Respecto a la expulsión acordada en la sentencia recurrida en aplicación del art. 89 del C.P., se mantiene que, dado que las dos acusadas han permanecido privadas preventivamente de libertad por esta causa desde el 24 de diciembre de 2007 hasta el 14 de mayo de 2008, casi cinco meses de lo seis de prisión que les han sido impuestos, si se procediera a la expulsión supondría en la práctica el cumplimiento de una doble pena. La Sentencia citada en el recurso del T.C. de 8 de mayo de 2006 realmente se refiere a un supuesto diferente del que ahora nos ocupa, puesto que se trata de una sustitución de la pena por la expulsión del territorio español que se acuerda cuando ya se está ejecutando la pena privativa de libertad, y dicha ejecución se encuentra en un avanzado estado, de modo que el T.C. concluye que "no estaríamos ante una verdadera y propia sustitución, sino que, dado lo avanzado del cumplimiento de la pena privativa de libertad por el penado, realmente se produciría una acumulación sucesiva de dicha pena y de la medida de expulsión". Sin embargo sí es cierto que pese a que realmente el art. 89 del C.P . no tiene en cuenta que el acusado ha podido estar en prisión preventiva y que al sustituir la pena por la expulsión no puede abonársele el período en el que ha estado en dicha situación, pese a lo cual debe procederse a la sustitución de la pena impuesta por la expulsión siempre que se den los requisitos del art. 89 del C.P ., en el presente caso se trata de un supuesto límite en el que las dos acusadas han permanecido en prisión preventiva un período equivalente a la mayor parte de la pena impuesta y que resultaría, en el presente supuesto y sin que ello tenga por qué extrapolarse a otros diferentes, contrario al principio de proporcionalidad el que tras el tiempo en que han estado en prisión preventiva, se las expulse por el mes y algo más de medio mes de prisión que les quedaría por cumplir, por lo que procede, por aplicación analógica de la interpretación del T.C. en la sentencia antes referida, la estimación del recurso en cuanto a este punto, dejando sin efecto la sustitución de la pena por la expulsión del territorio español.

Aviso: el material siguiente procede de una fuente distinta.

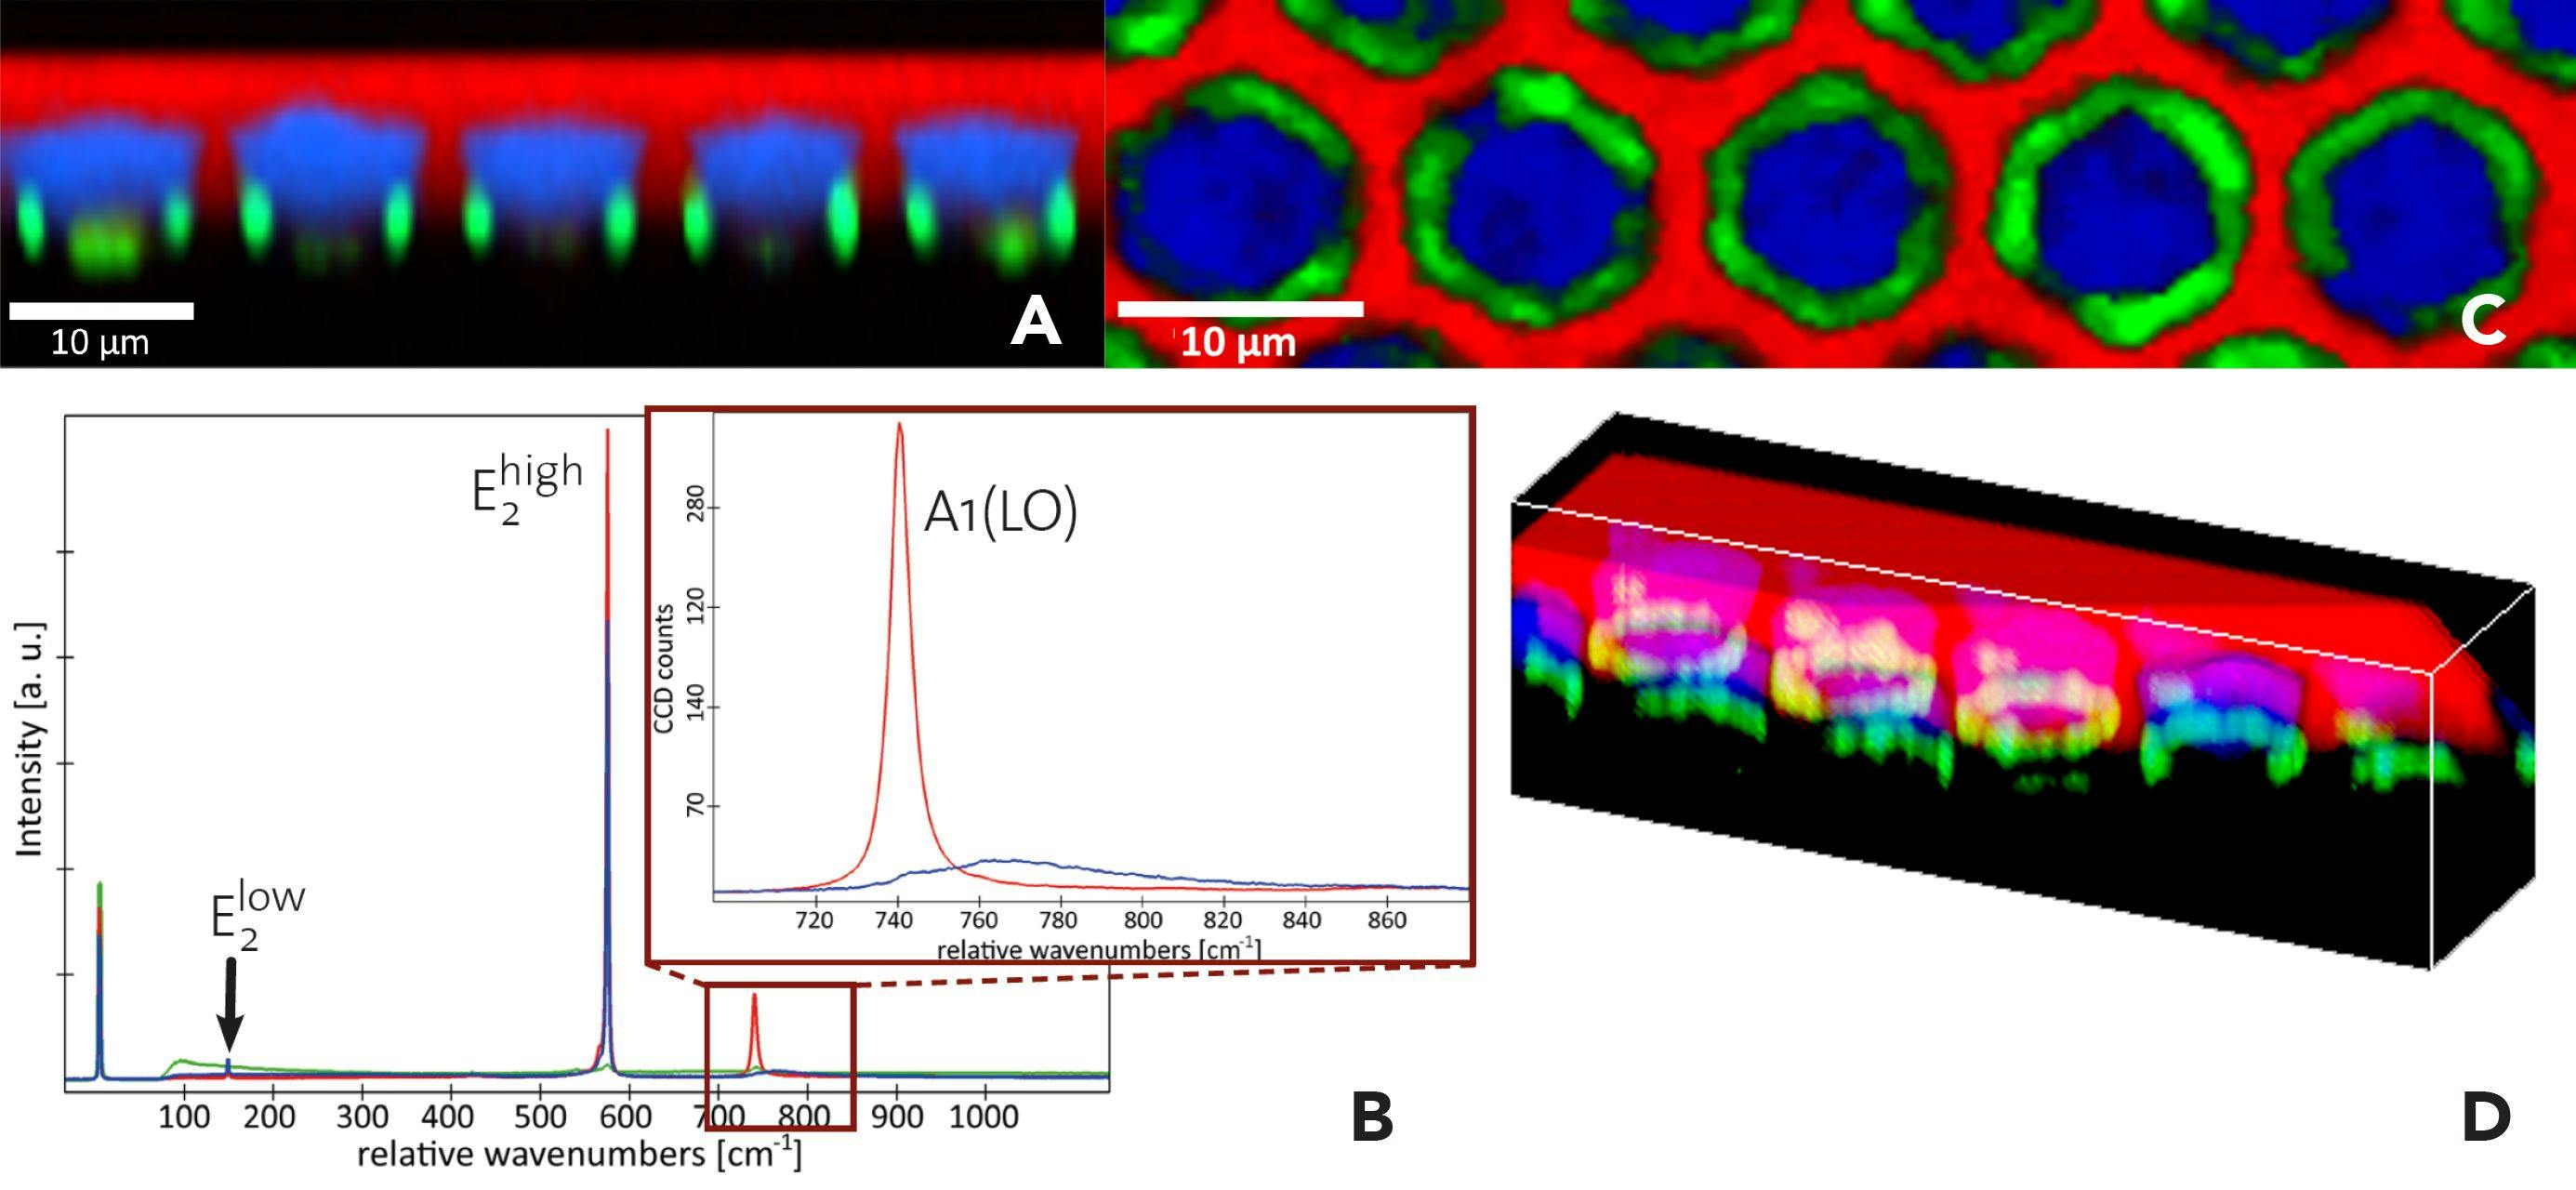 Figure 1: 3D Raman analysis of a GaN crystal grown on a patterned sapphire substrate. A: Depth scan (240 x 80 pixels on an area of 60 x 20 µm2) along the red line in Figure 1. B: Corresponding Raman spectra. In the inset, the green spectrum is omitted for clarity. C, D: 3D Raman image of the sample volume (180 x 45 x 20 pixels in a volume of 60 x 15 x 20 µm2). At the front right corner, a part of the structure is removed.

CUARTO.- Se declaran de oficio las costas causadas en esta alzada en virtud de lo dispuesto en el artículo 240 de la LECrm .

Así, en ejercicio de la potestad jurisdiccional que nos ha conferido la Constitución Española, y en nombre de Su Majestad El Rey.

Fallo

Que ESTIMAMOS PARCIALMENTE el recurso de apelación interpuesto por la Procuradora de los Tribunales Doña Paloma González del Yerro Valdés en representación de Zaida y de Daniela contra la sentencia dictada por la Iltma. Sra. Magistrada-Juez del Juzgado de lo Penal núm. 1 de Madrid, de fecha 2 de julio de 2008 , y a los que este procedimiento se contrae, y REVOCAMOS PARCIALMENTE la misma, dejando sin efecto la sustitución de las penas de prisión impuestas por la expulsión del territorio español, declarando de oficio las costas causadas en esta alzada.

Siendo firme esta Sentencia desde ésta fecha, por no caber contra ella recurso alguno, devuélvase la causa original junto con su testimonio al Juzgado de procedencia, una vez notificada a las partes, para su ejecución y cumplimiento.

Así por ésta nuestra Sentencia, lo pronunciamos, mandamos y firmamos.

PUBLICACIÓN.- Leída y publicada fue la anterior Sentencia por la Magistrada Ilma. Sra. Dña. ÁNGELA ACEVEDO FRÍAS, estando celebrando audiencia pública. Doy fe.